SOME DESIGN ISSUES RELATED TO OTHER APPLICATIONS OF THE NEXT-GENERATION SEQUENCING
Next-generation sequencing has been used to identify genetic variants in a population. For example, the Thousand Genomes project (http://www.1000genomes.org/page.phpis) is sequencing at least 1000 individuals to identify all the genetics variants in humans. To most efficiently identify the genetic structure variants (such as CNV, Indels) using the next-generation sequencing technologies, one factor to consider is the insert length of the library. Bashir et al. [24] pointed out that having two libraries with different insert lengths is beneficial (for example, 200 bp and 20 kb libraries) for mapping the break points of genetic-structure variants.

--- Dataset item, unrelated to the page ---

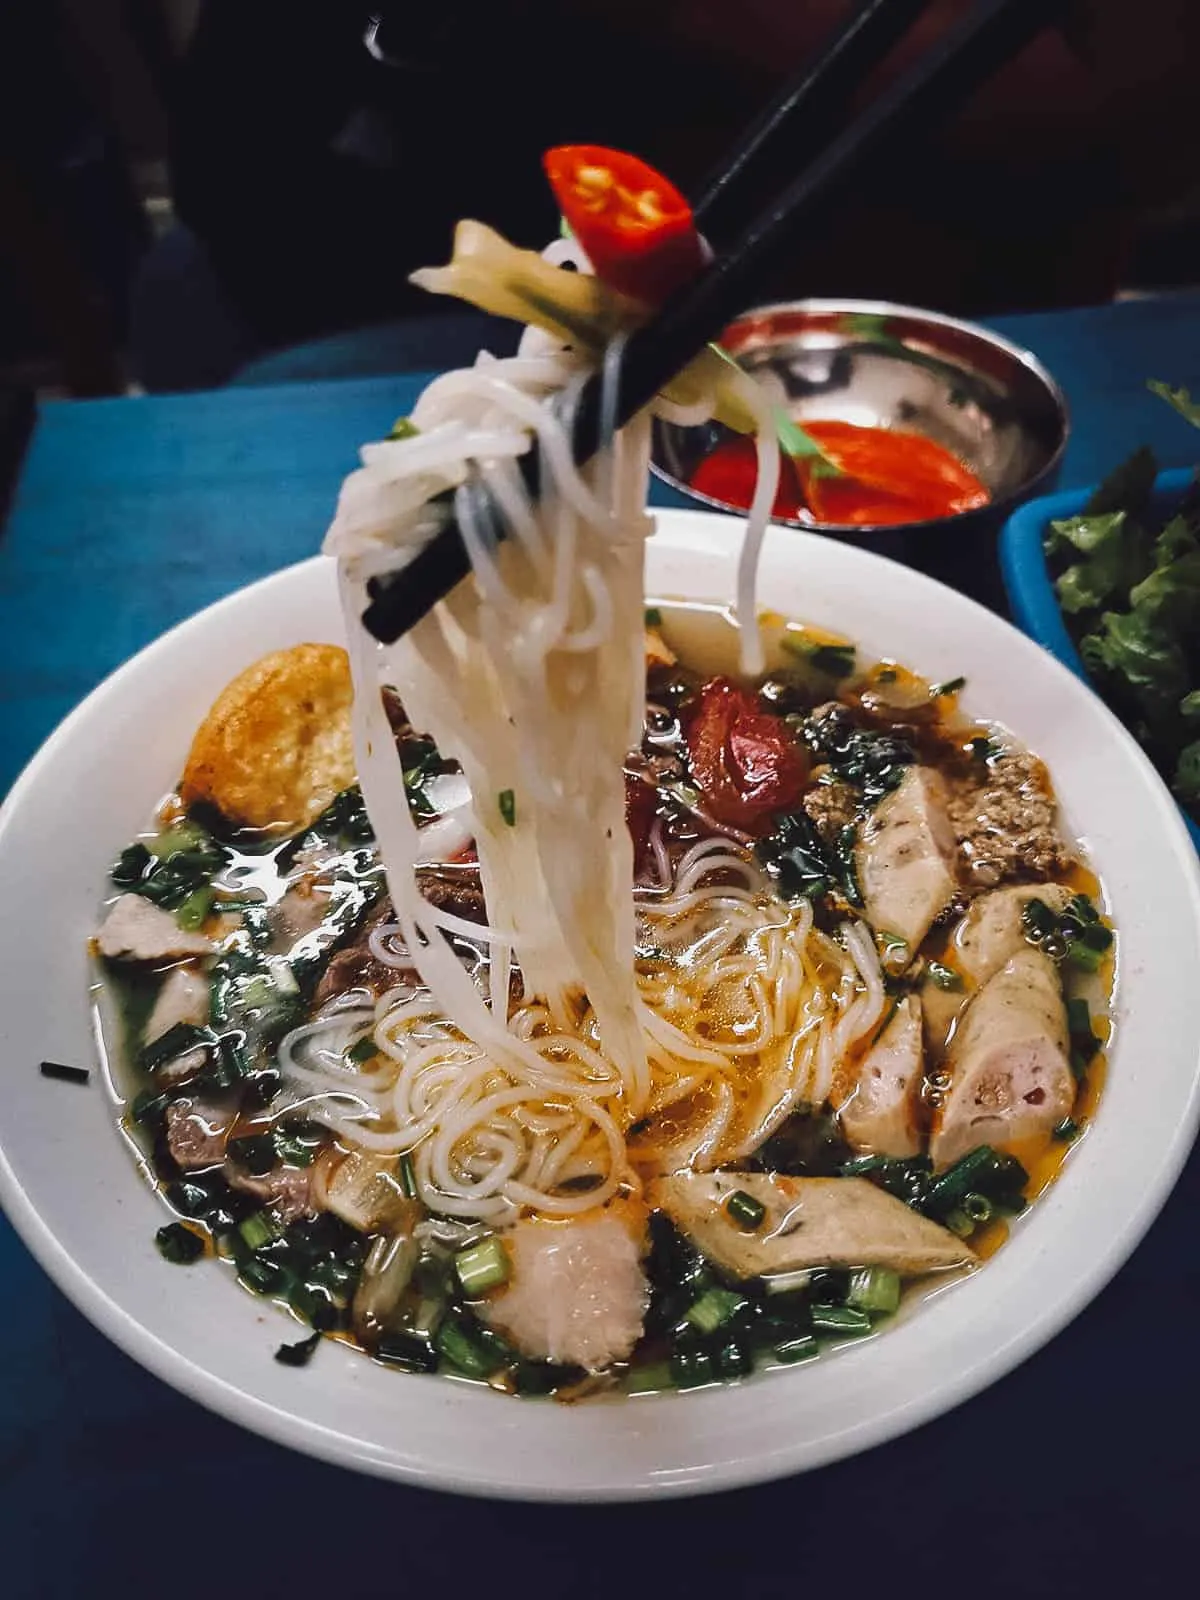 Bun rieu in Hanoi, a delicious Vietnamese noodle soup made with crab

ChIP-seq is another common application of the next-generation sequencing technologies. The DNA fragments enriched in chromatin immuno-precipitation (ChIP) are compared with the total DNA to identify binding sites in the genome for a given protein [10, 12, 24, 71, 72]. For some DNA binding factors, the total ChIP-seq sequence needs to be more than what is obtained from one sequencing lane. In this case, whether increasing the sequencing depth by sequencing the same sample in multiple lanes (technical replicates) or sequencing different biological samples in different lanes (biological replicates) needs to be considered. Tuteja et al. [73] found that using biological replicates can increase the number of peaks identified and increase the enrichment for consensus sequences for the binding factor. One explanation is that results from technical replicates tend to be affected more by the PCR artifacts than the independent biological replicates.
Biological replicates are important in most RNA-seq experiments.
Sequencing depth and sample size are interrelated. They are often limited by experiment budget.
Sequencing biases potentially increase the required sample size and sequencing depth.
Validation using biological replicates is more meaningful.